If the admins did their job properly you won't be able to use a proxy server. I know I would fix it that way.


----------



## phoenix (Jul 9, 2009)

The OpenSSH client (ssh) can be used to create a SOCKS proxy connection for use with a local web browser, using the -D command-line option.

`#  ssh -D 8080 some.remote.ssh.server`

Then you can configure your web browser to use localhost:8080 as a SOCKS proxy. All web page requests will be tunneled through SSH to the remote server, and then out to the remote web server. It will look like the HTTP request came from the remote SSH box, instead of from your local box.

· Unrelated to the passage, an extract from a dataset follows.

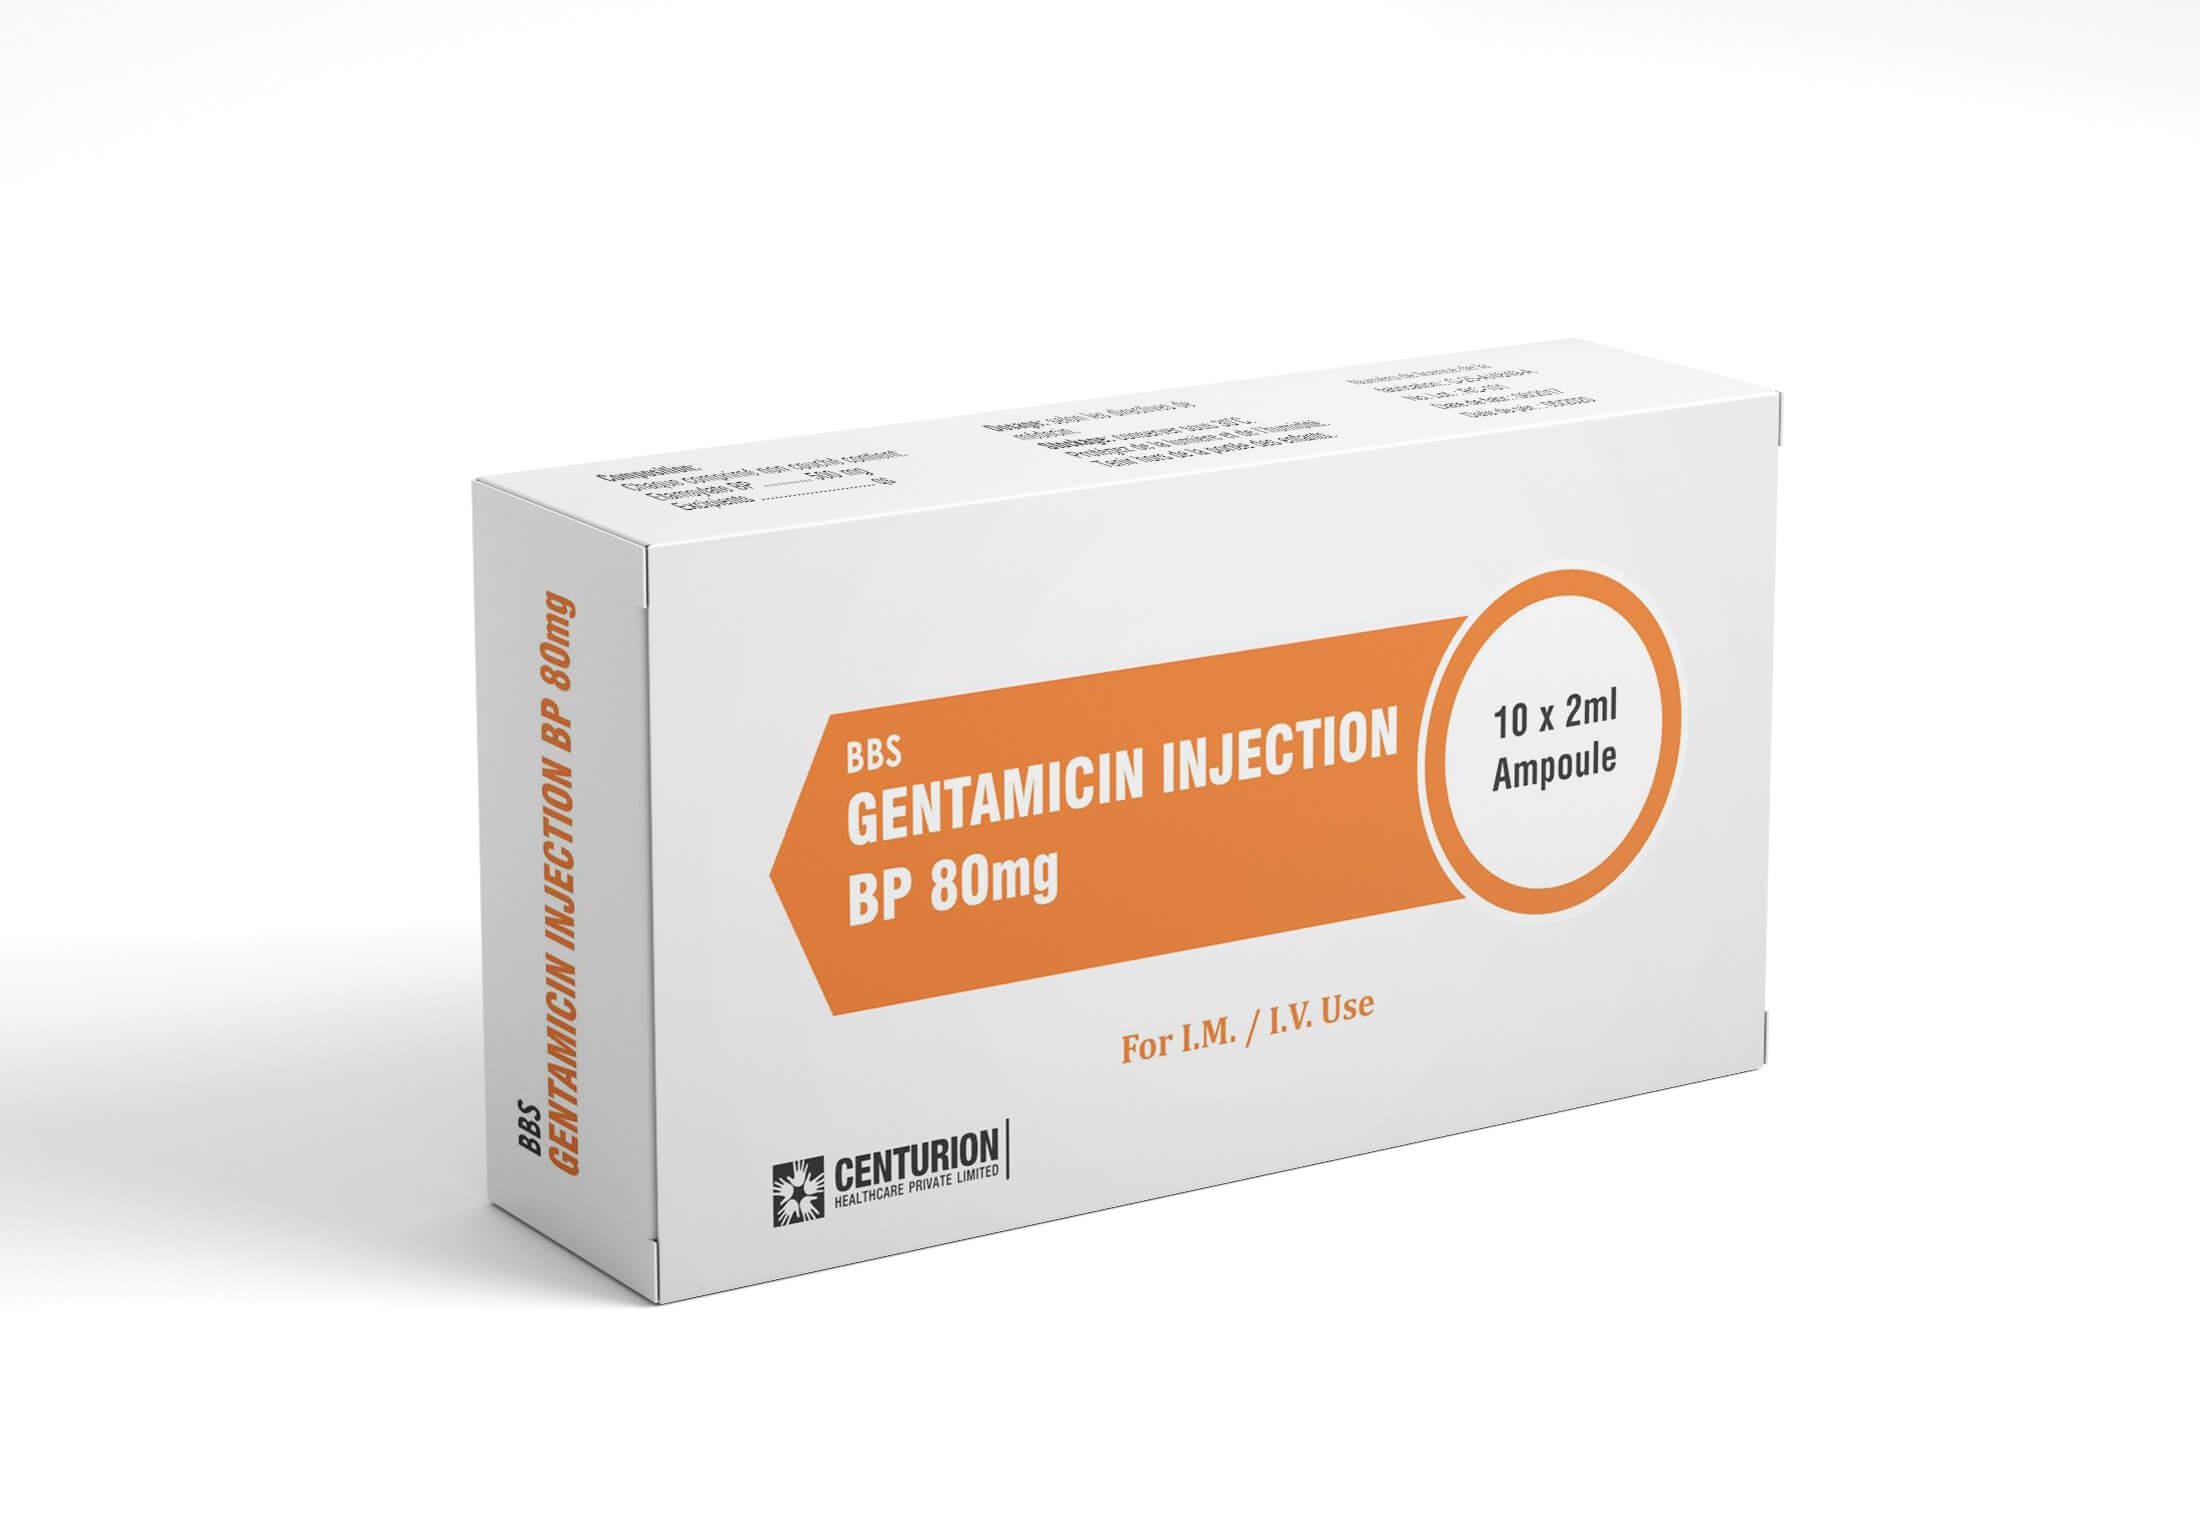 Gentamicin Injection BP 80mg

Of course, this will only work if you are able to connect out directly from your PC, through their firewall, to some random IPort on the Internnet.    A properly configured network will only allow you to access resources on the local network (local DNS server, local mail server, local web proxy server, etc) and not allow direct outgoing connections.


----------



## lme@ (Jul 10, 2009)

If you run the proxy server on port 80 or 443 you should be able to connect to it through the firewall.


----------



## SirDice (Jul 10, 2009)

Not if the admins force the OP to use their proxy server. They're probably using one as it's the easiest way to block access to certain sites.


----------



## DutchDaemon (Jul 10, 2009)

You mean the admin proxies transparently? That will still leave port 443 unfiltered, because SSL can't be proxied transparently (local termination aside). You should be able to CONNECT over that port. Of course if the web browser itself is locked down (no access to settings like 'proxy server'), you're done for. That's how it's done at my job anyway.


----------